Any sort of insertion/deletion is O(1). Even std::vector isn't O(1) for appends, it approaches O(1) because most of the time it is, but sometimes you are going to have to grow that array.
It's also very good at handling bulk insertion, deletion. If you have 1 million records and want to append 1 million records from another list (concat) it's O(1). Every other structure (assuming stadard/naive implementations) are at least O(n) (where n is the number of elements added).
Order is important very often. When it is, linked lists are good. If you have a growing collection, you have the option of linked lists, array lists (vector in C++) and double-ended queues (deque). Use linked lists if you want to modify (add, delete) elements anywhere in the list often. Use array lists if fast retrieval is important. Use double-ended queues if you want to add stuff to both ends of the data structure and fast retrieval is important. For the deque vs vector question: use vector unless inserting/removing things from the beginning is important, in which case use deque. See here for an in-depth look at this.
If order isn't important, linked lists aren't normally ideal.
std::list is notable for its splice() method, which allows you to move one more more elements from one list to another in constant time, without copying or allocating any elements or list nodes.
This question reminds me of this infamous one. Read it for the parallels as to why such simple data structures are important.
Linked List is a fundamental data structure. Other data structures, like hash maps, may use linked lists internally.
Two different algorithms may have O(1) time complexity, for a look up, but that doesn't mean they have the same performance. For example the first one may be 10 or 100 times faster than the second.
Whenever you need to store, iterate and do something with a bunch of data, the normal (and fast) data stucture for that task is the Linked List.

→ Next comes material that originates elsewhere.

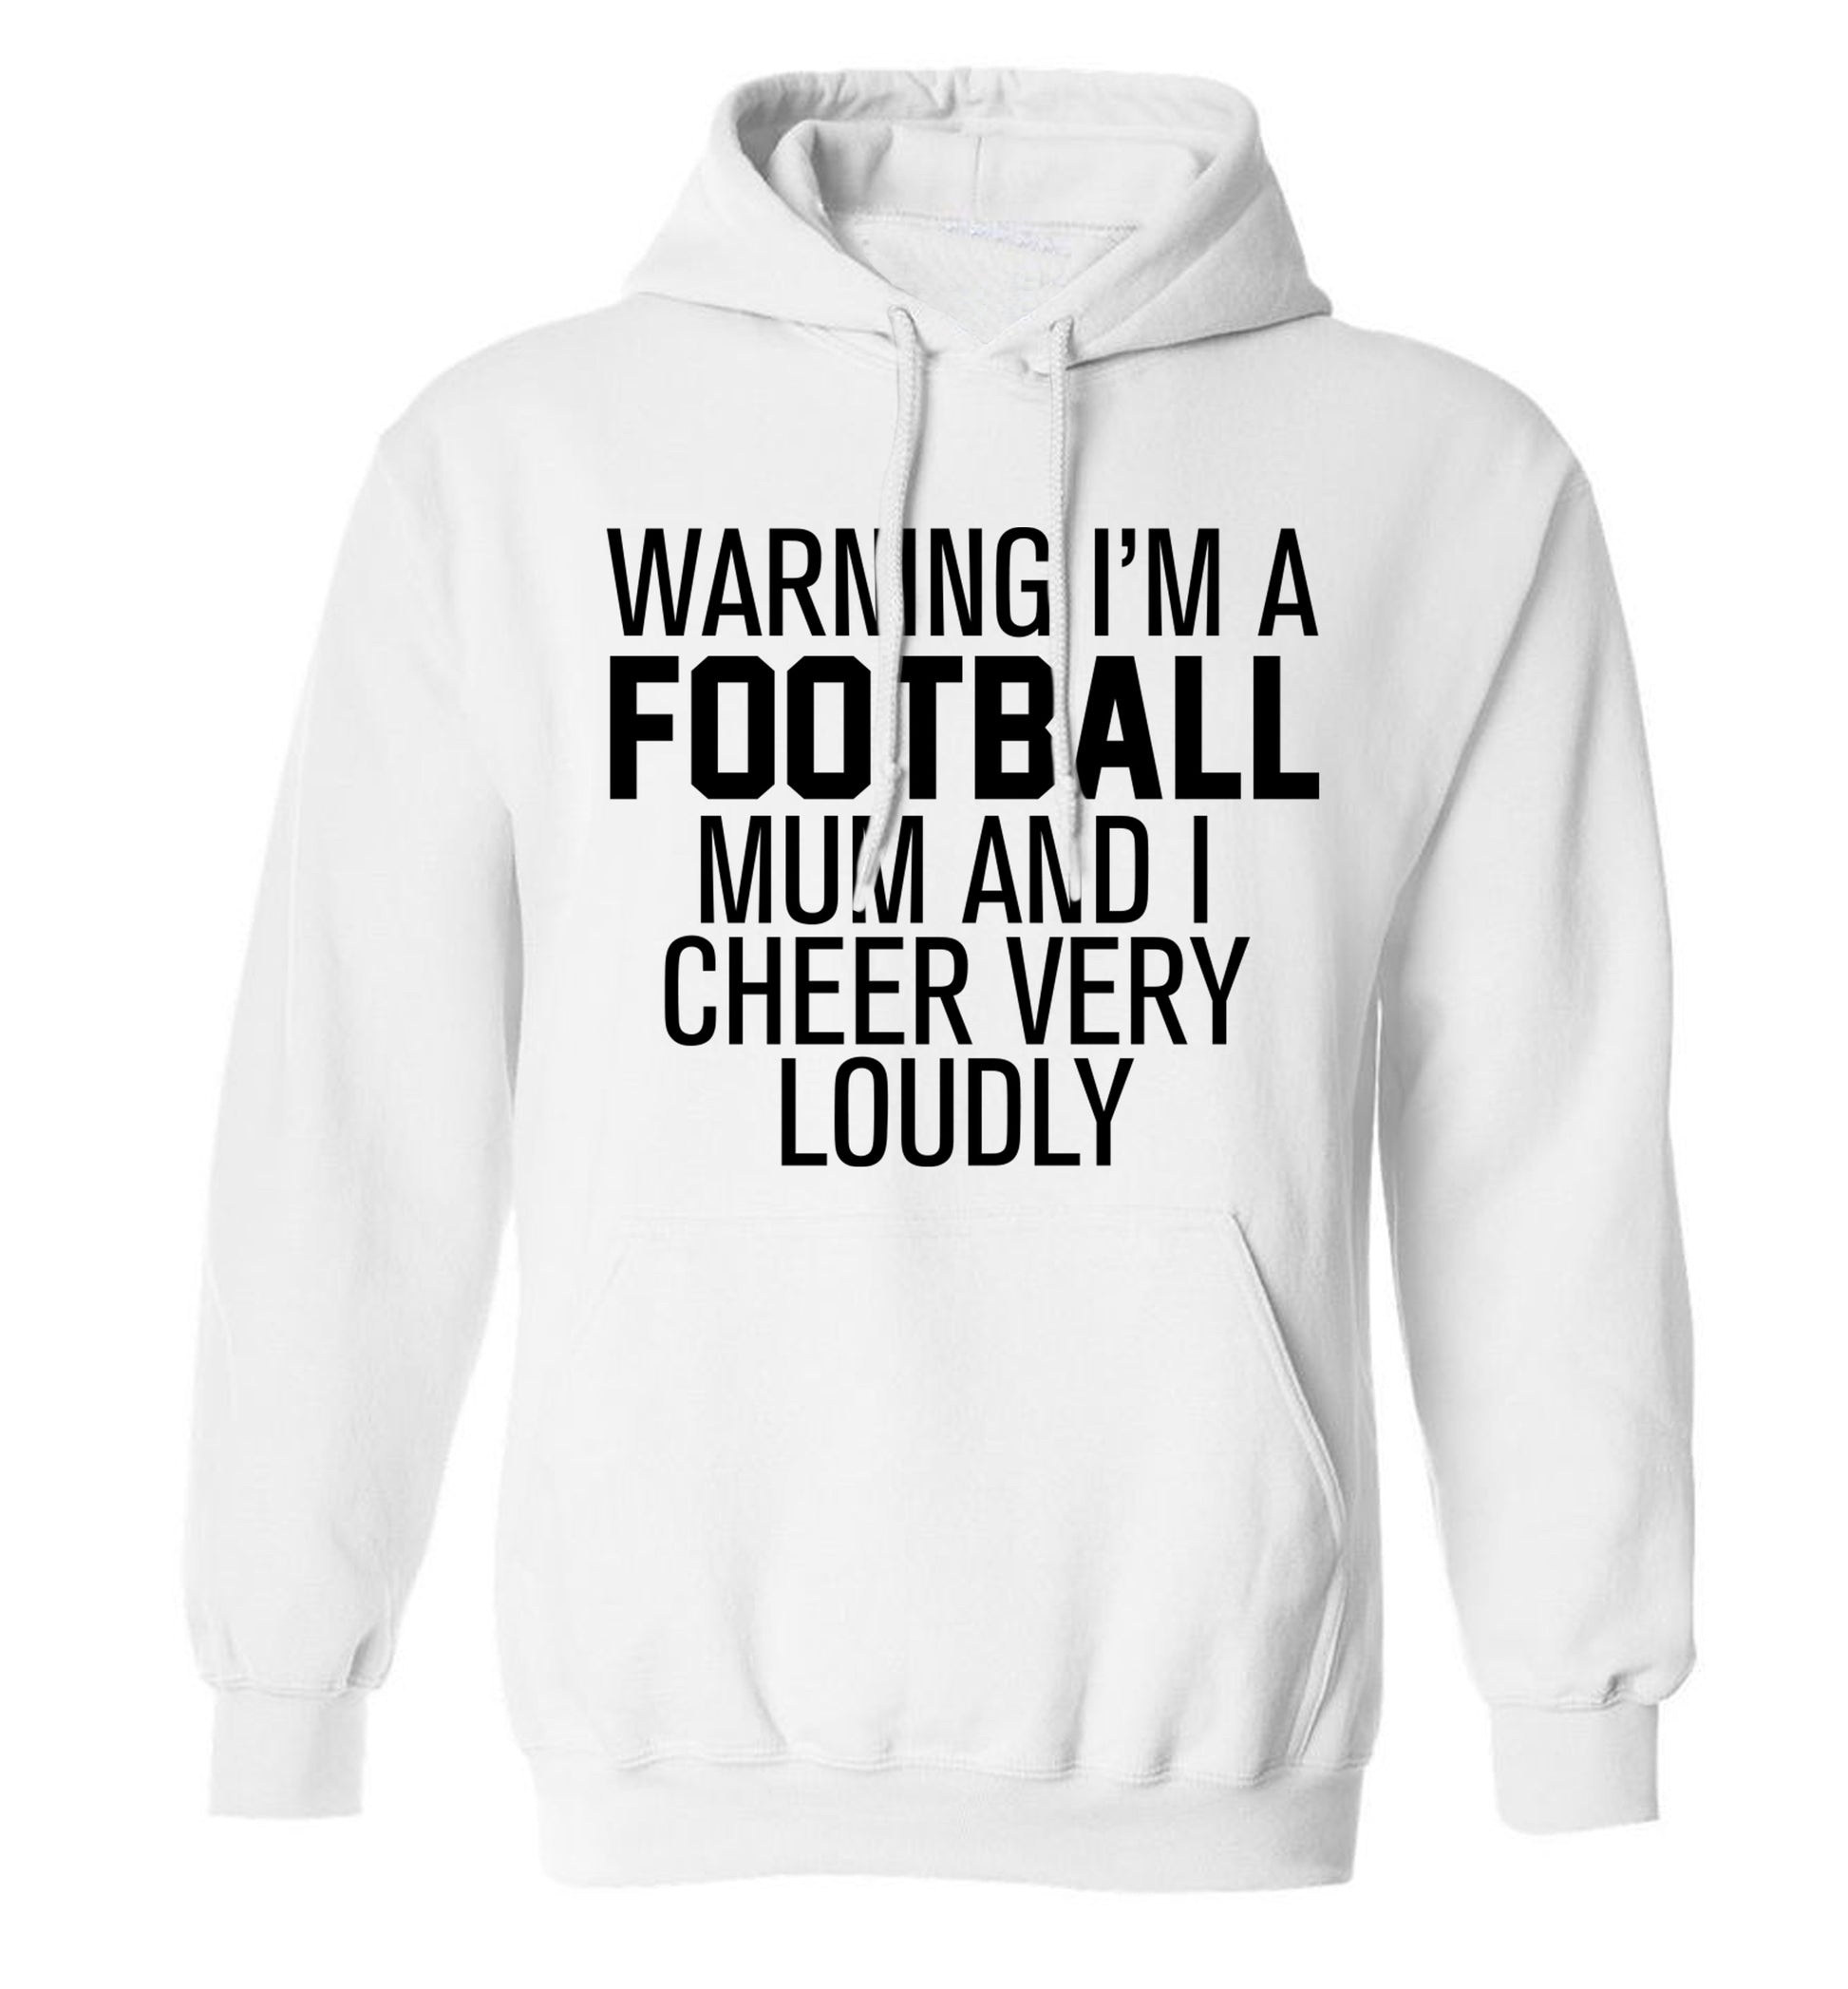 Warning I'm a football mum and I cheer very loudly adults unisexwhite hoodie 2XL

More complex data structures are for special cases, ie Set is suitable when you don't want repeated values.
std::list has the following properties:
Sequence
Front Seuqence
Back Seuqence
Forward Container
Reverse Container
Of these properties std::vector does not have (Back Seuqence)

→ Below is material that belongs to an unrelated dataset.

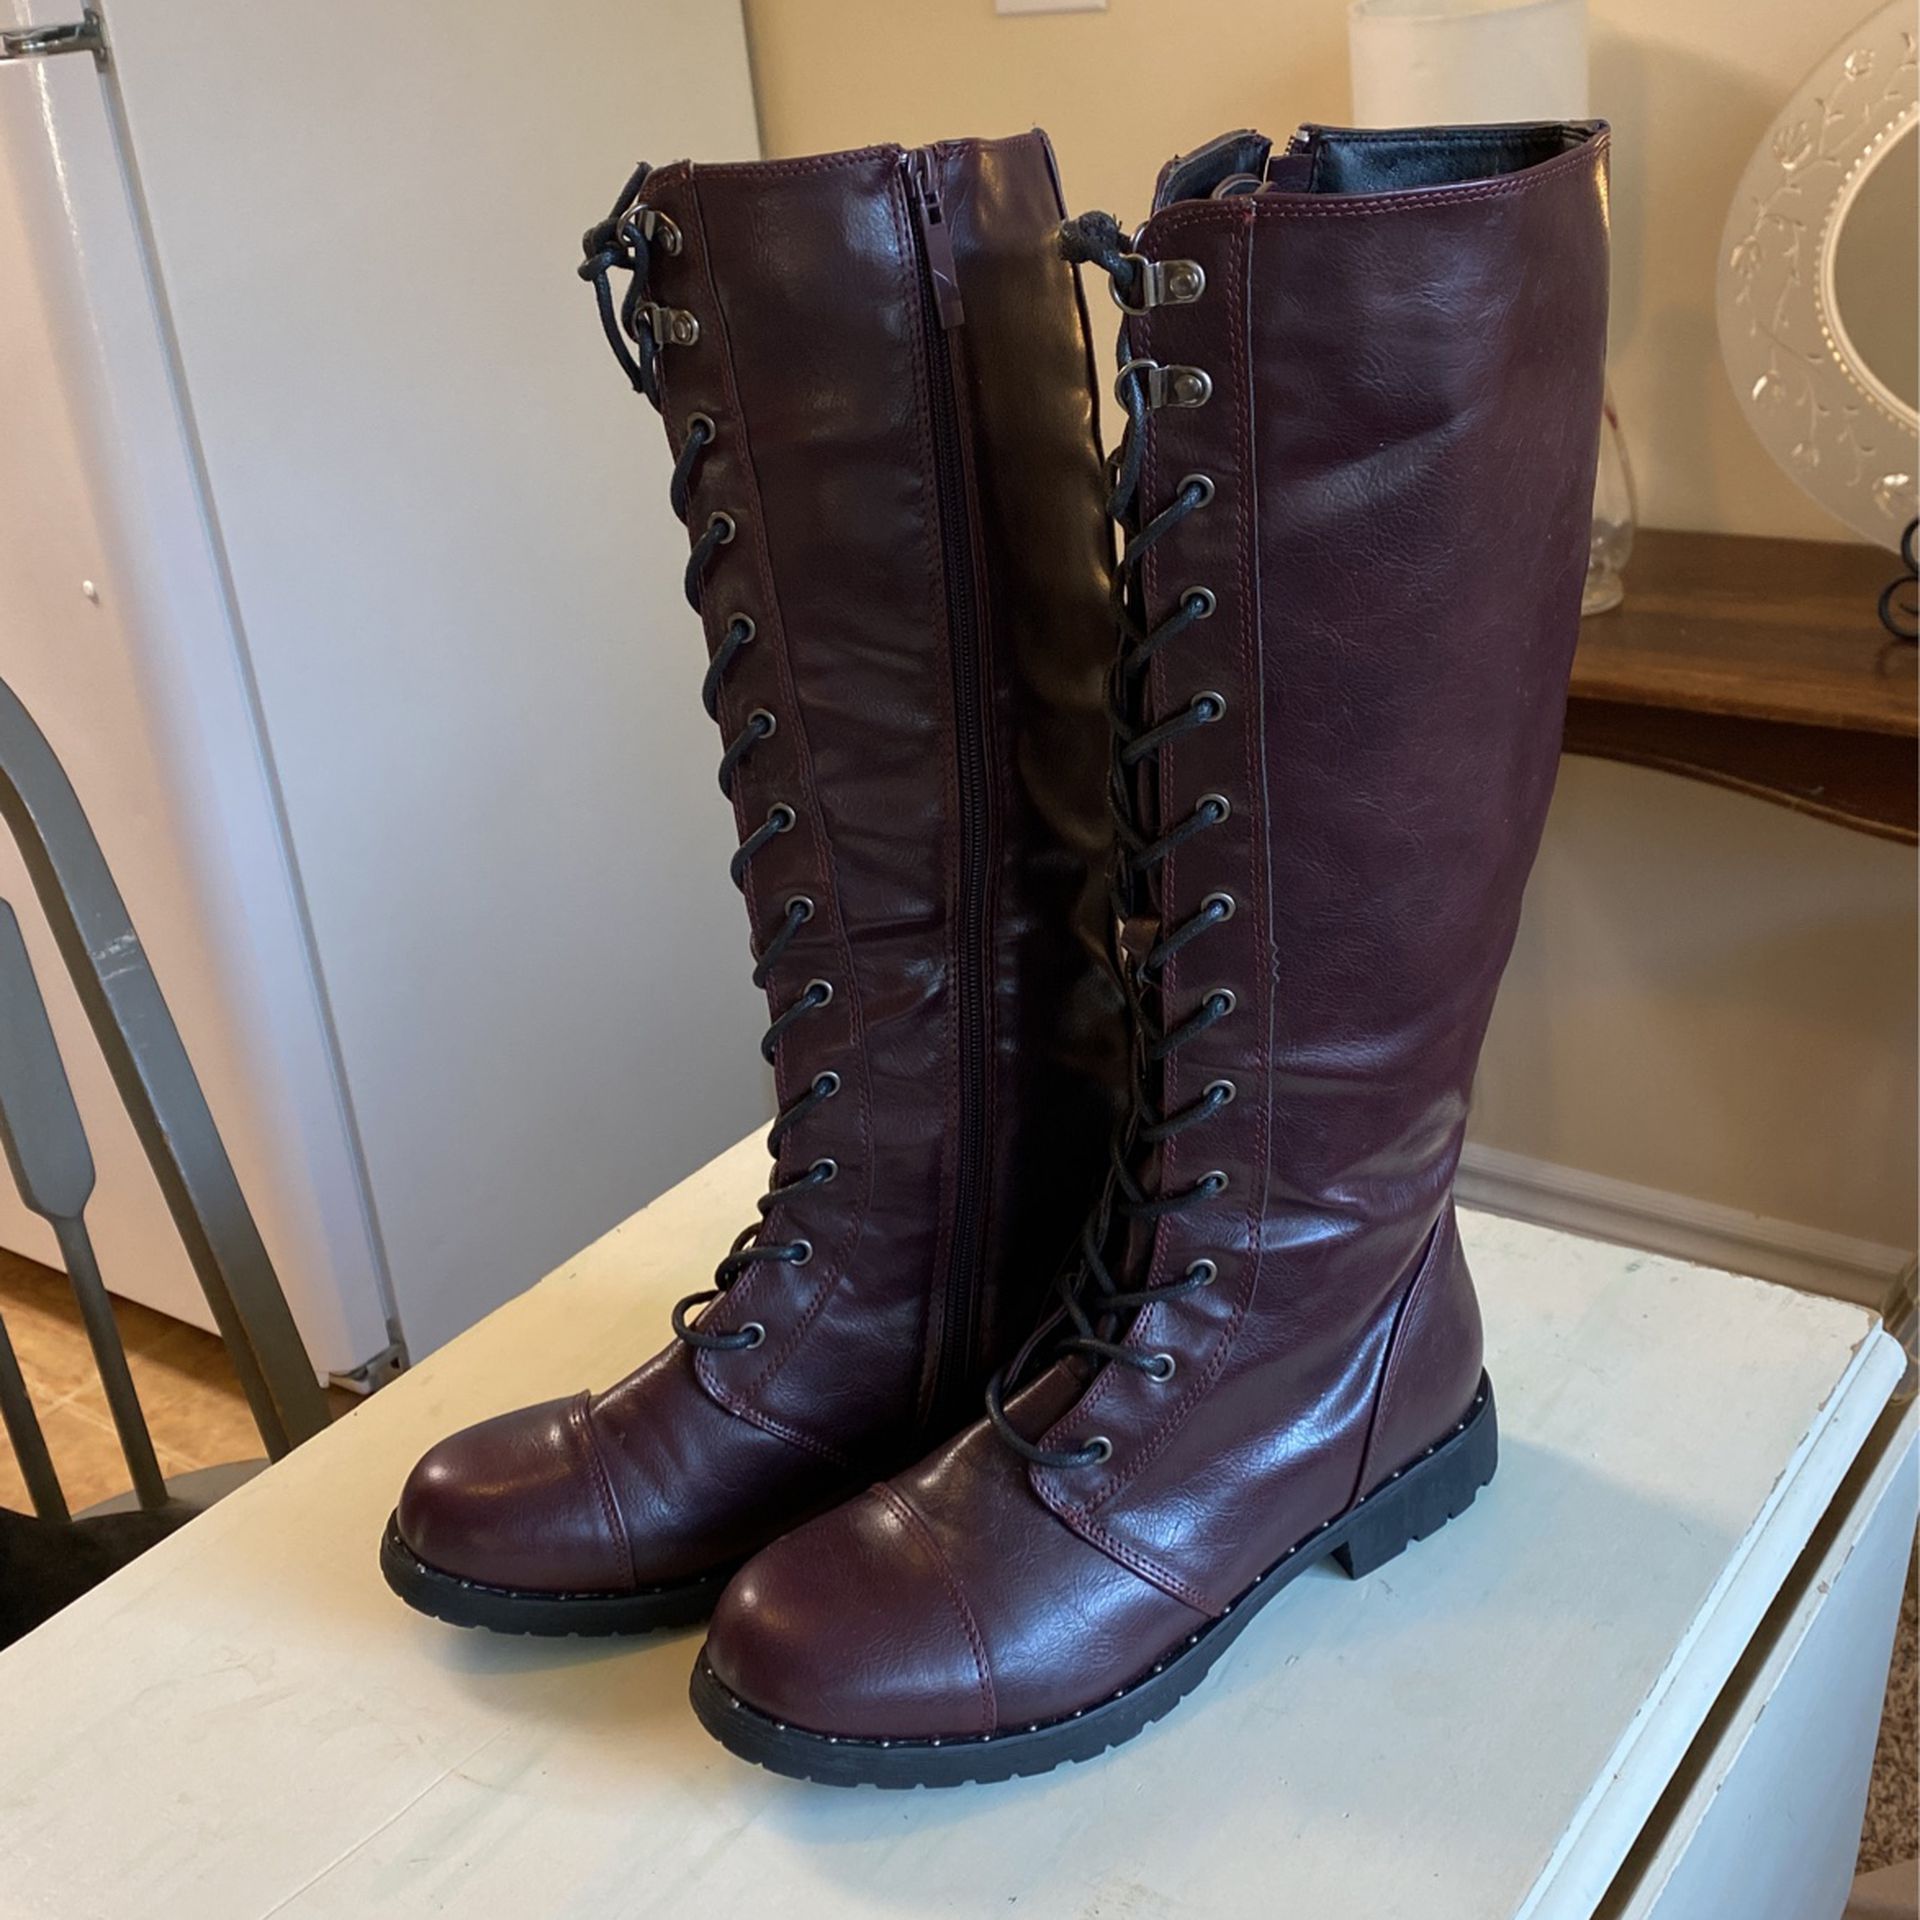 Burgundy Knee-High Boots With Zips On The Side

While std::set does not support any sequence properties or (Reverse Container)
So what does this mean?
Will a back sequence supports O(1) for rend() and rbegin() etc
For full information see:
What are the complexity guarantees of the standard containers?
Linked lists are immutable and recursive datastructures whereas arrays are mutable and imperative (=change-based). In functional programming, there are usually no arrays - You don't change elements but transform lists into new lists. While linked lists don't even need additional memory here, this isn't possible efficiently with arrays.
You can easily build or decompose lists without having to change any value.
double [] = []
double (head:rest) = (2 * head):(double rest)
In C++, which is an imperative language, you won't use lists that often. One example could be a list of spaceships in a game from which you can easily remove all spaceships that have been destroyed since the previous frame.